**ASSIGNMENT:**
Starting at the line with "Une belle pièce", copy each line through the last one below exactly as written, without any pictures.

** Opening INPUT DATA block **

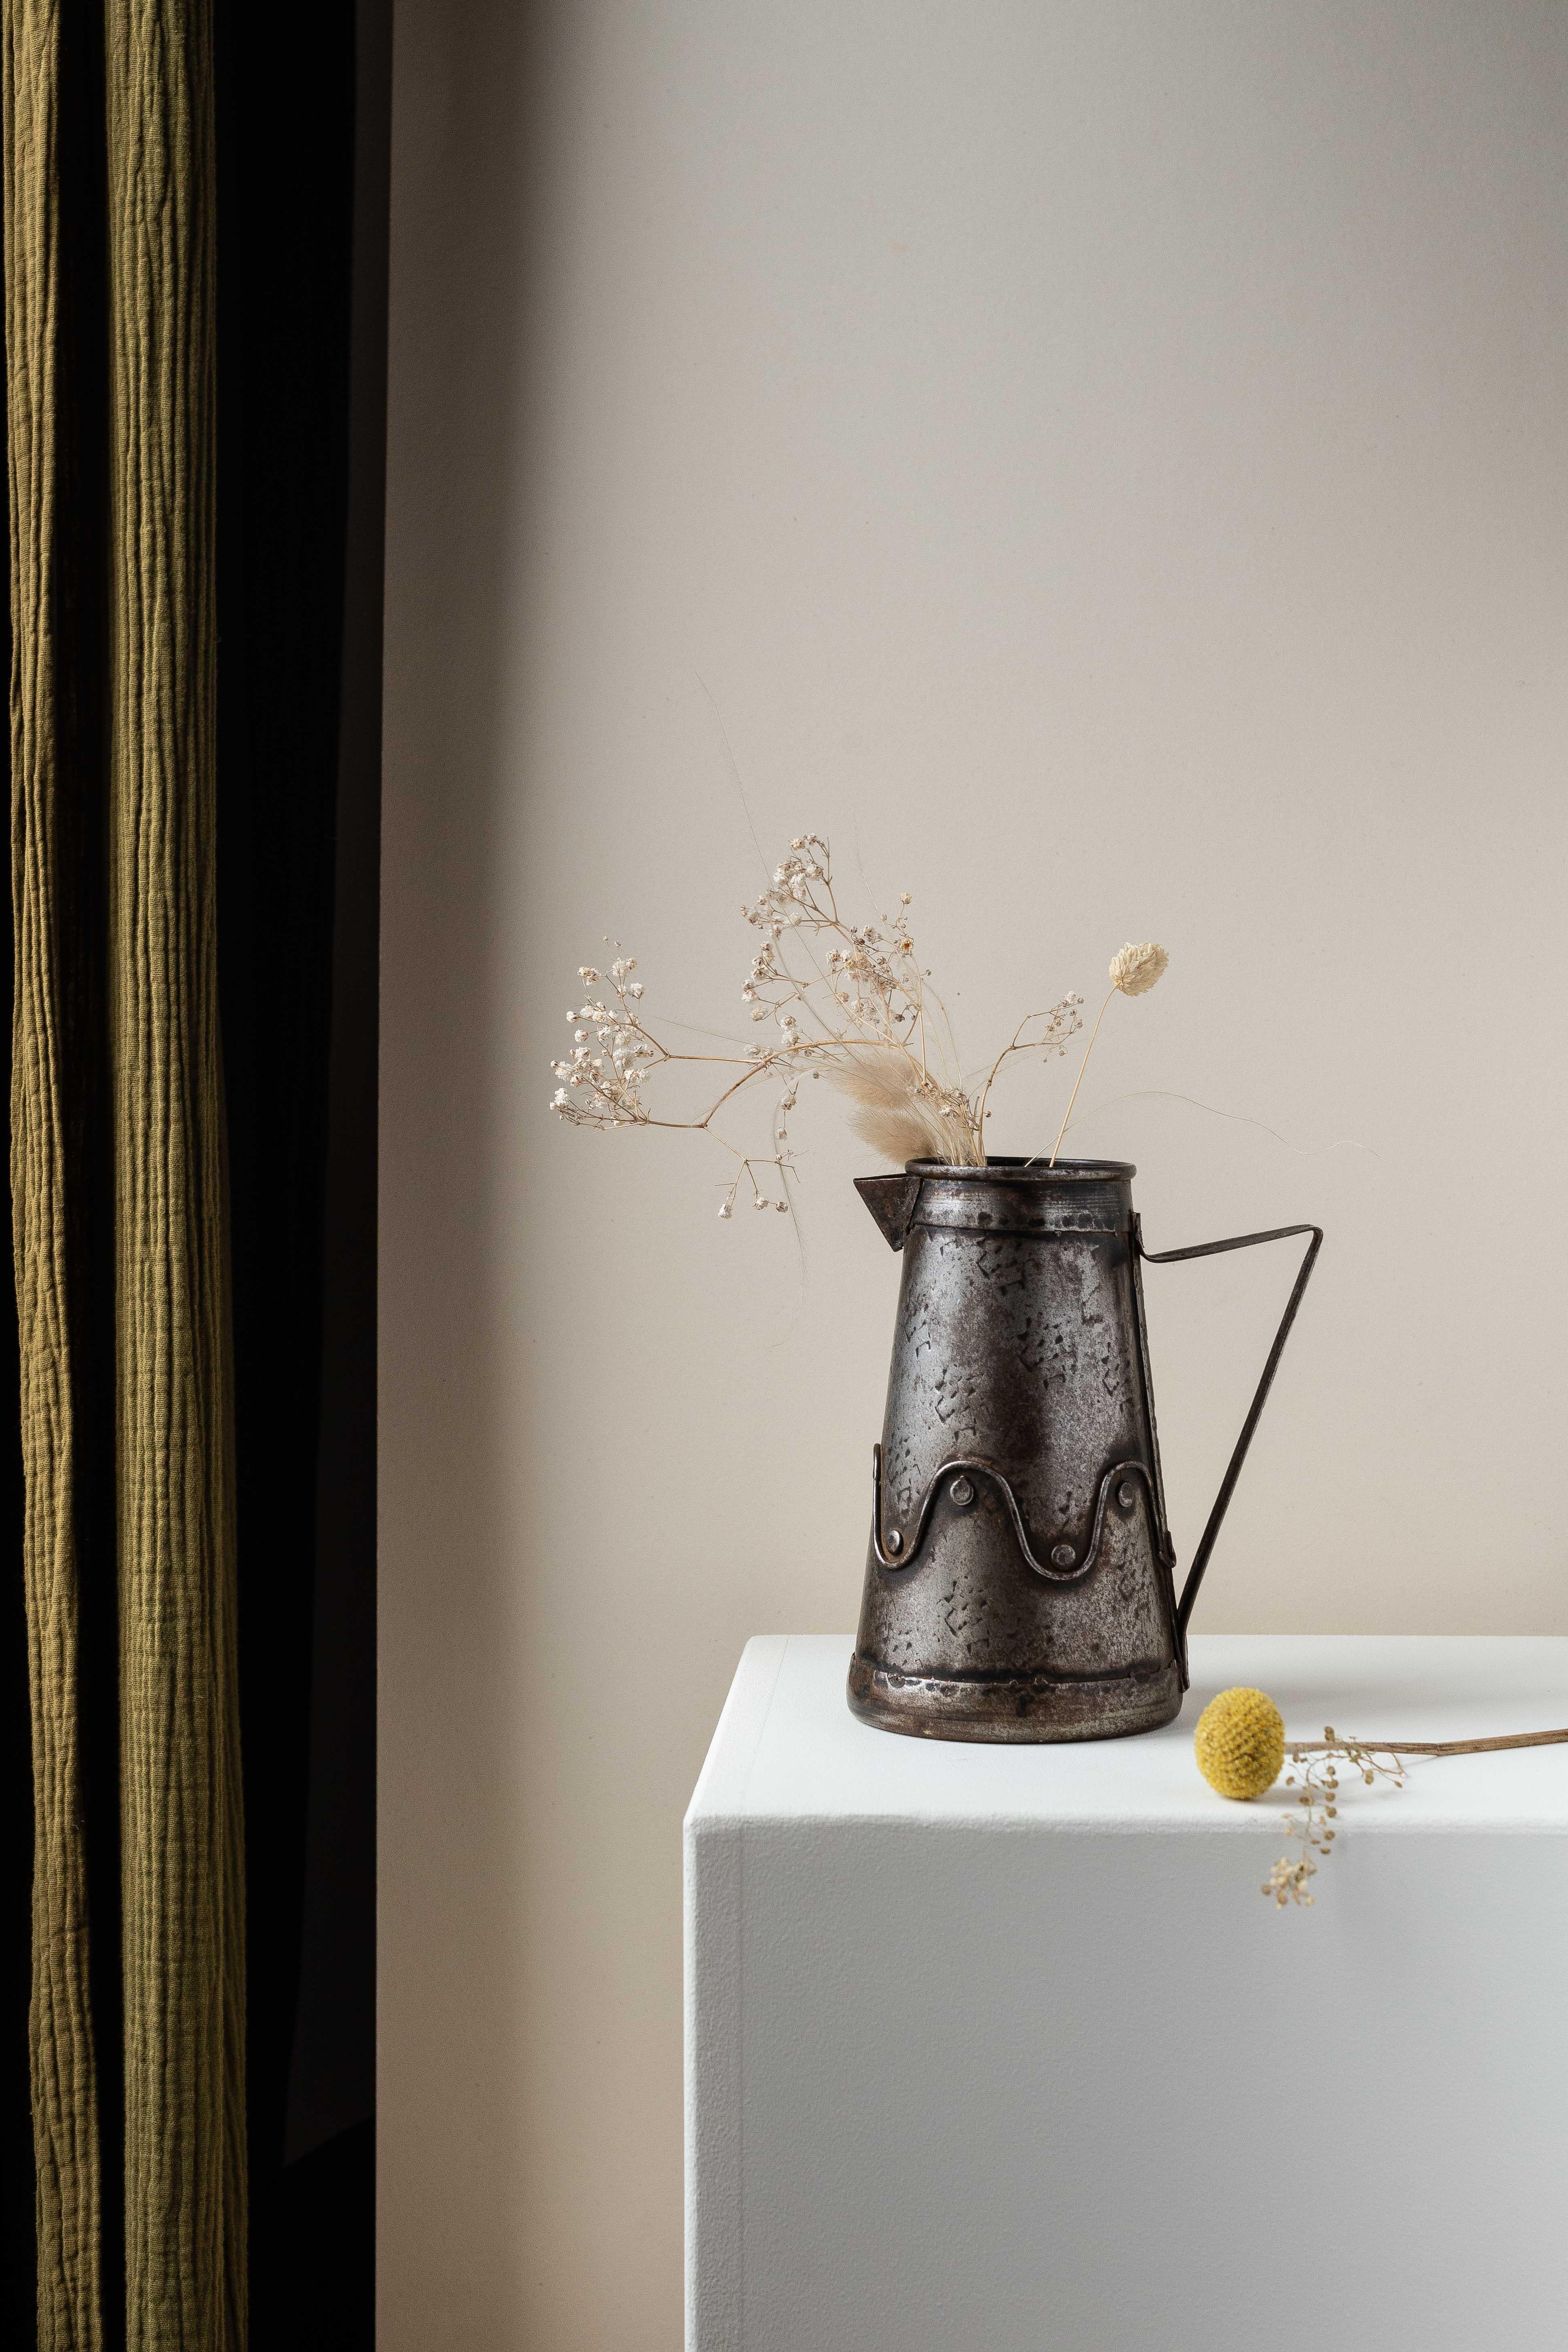 Carafe ou pichet en métal brossé, France Circa 1950.

Une belle pièce d'art populaire, initialement destinée à servir de l'eau et des boissons.

Serait très décoratif, utilisé comme vase, pour des fleurs séchées ou fraîches.

Très beau travail du
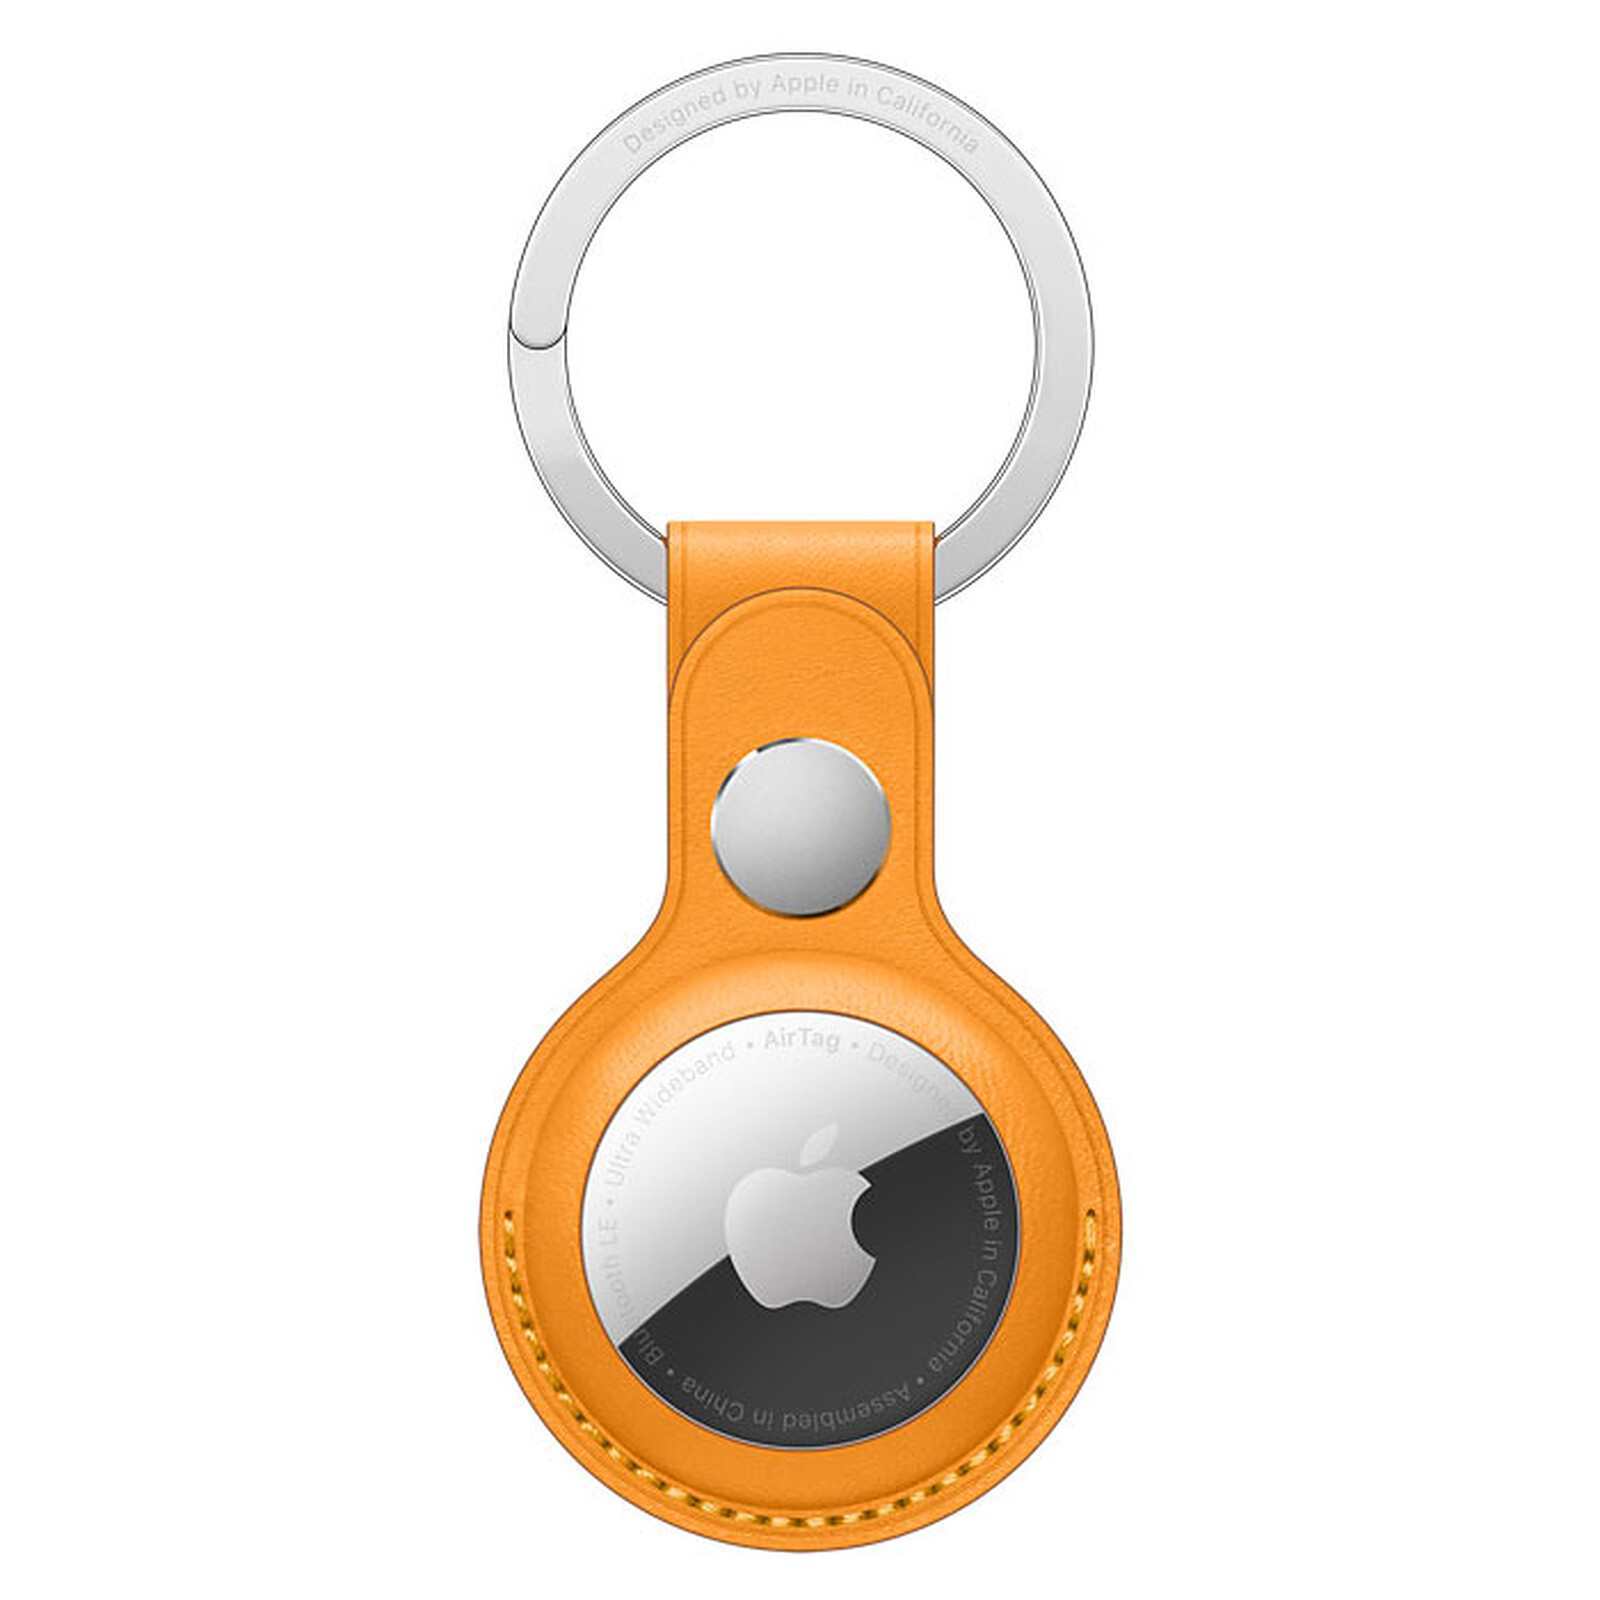 Trois porte-clés AIRTAG, Apple AIRTAG ouvert, cellule de bouton

** Closing INPUT DATA block **

**WRITTEN RESPONSE:**
Une belle pièce d'art populaire, initialement destinée à servir de l'eau et des boissons.

Serait très décoratif, utilisé comme vase, pour des fleurs séchées ou fraîches.

Très beau travail du
 Trois porte-clés AIRTAG, Apple AIRTAG ouvert, cellule de bouton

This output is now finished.